Traditional Culture Encyclopedia - Hotel accommodation - My notebook uses campus WIFI and downloads things with Thunder. It is reported that there is a P2P network ban. What is this and how to solve it?

My notebook uses campus WIFI and downloads things with Thunder. It is reported that there is a P2P network ban. What is this and how to solve it?

Well, personally, this should be related to the bandwidth and related settings of the school.

During the day, the school is in office, and there are more people surfing the Internet, which takes up a large amount of natural bandwidth. In particular, the school will definitely set the upper limit of which Ip address segments, and departments, office teaching, teachers, students and workers will definitely have the lowest upper limit. So the speed is slow.

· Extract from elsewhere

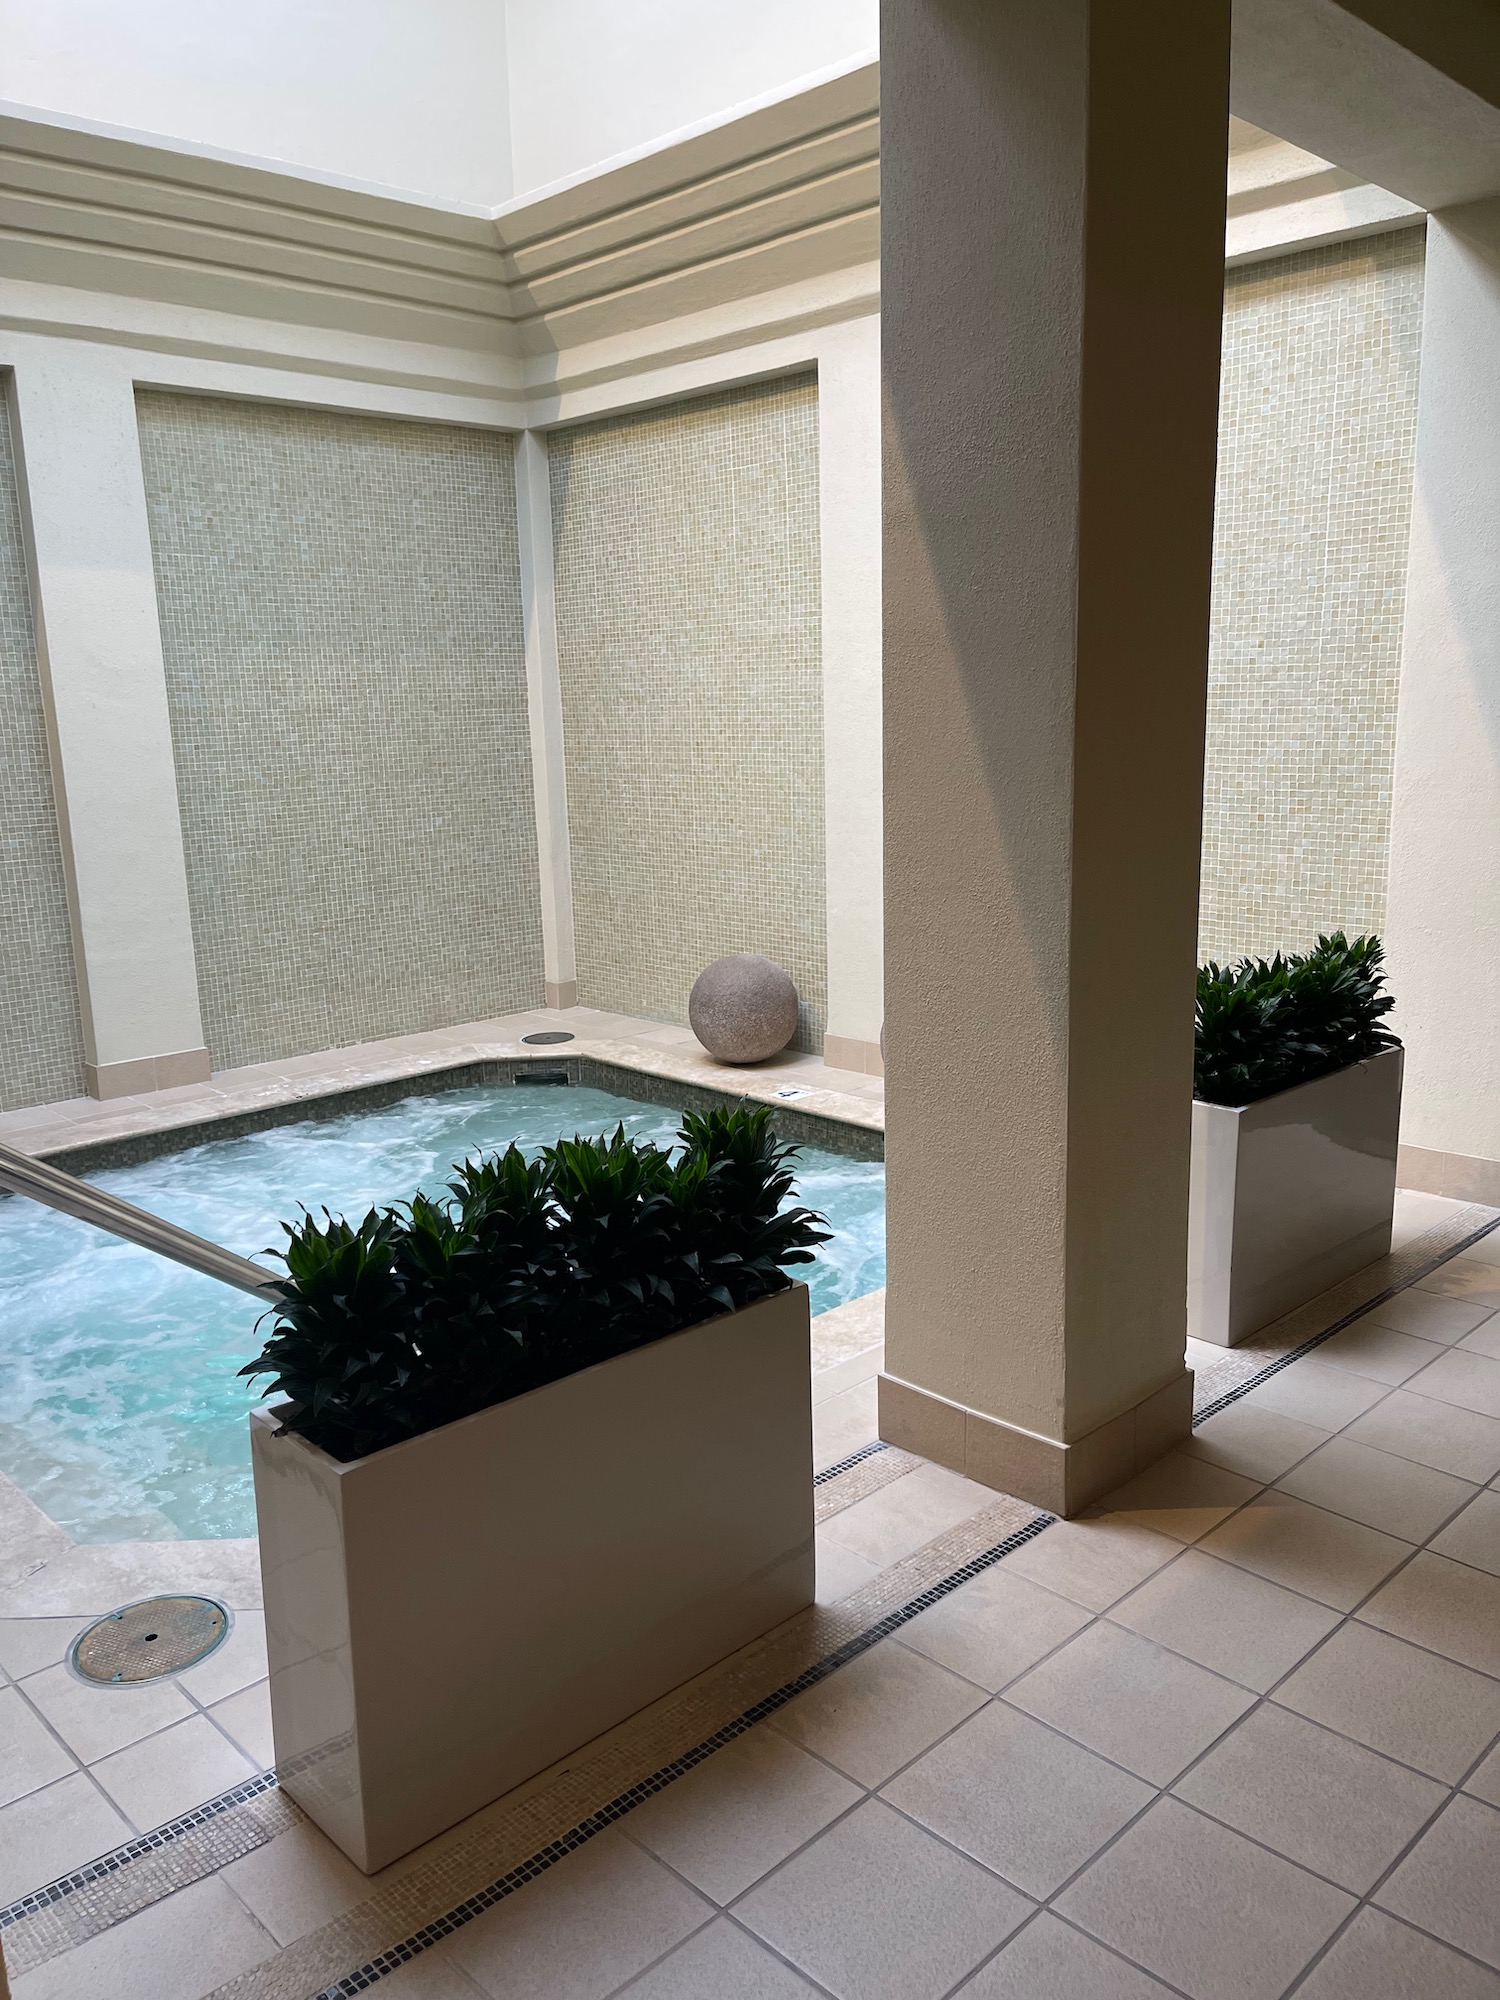 a indoor hot tub with a stone ball and plants

P2P is a kind of peer-to-peer communication, which is different from the client-server model. The client can download a lot of things directly from the server, and generally only needs to submit a small amount of demand information to the server. For example, peer-to-peer communication, or electric donkey refers to the client that communicates with you, not the server. When you download files (especially large files), these peers are the same as yours, and you also download what you need from your computer. This process is determined by the software settings you installed, such as Thunder and Electric Donkey.

The principle of P-P is not detailed. From the above, we can know that when you use PtoP software, your actual traffic is the traffic you download plus the traffic you upload to others, which can be considered as twice or sometimes even more. Moreover, because PP communication has no limitation of server bandwidth, its own traffic exchange is large (which is one of the reasons why p-p communication downloads quickly and small servers can't reach it). ), the burden of campus network is greater. So schools must be banned. However, because people who surf the Internet now don't know what PtoP is, schools can't pursue it, and they can't really ban it. They can only limit the speed. So the speed is busy during the day.

There are fewer people surfing the internet at night, so the speed is improved.

Of course, it is also possible that the school lifted the restriction of PtoP at night. After all, teachers and staff also need to use it, and the network is empty without it. Anyway, this is well controlled by the system.

Well, that's it. Personally, I think this is the case. Nothing special.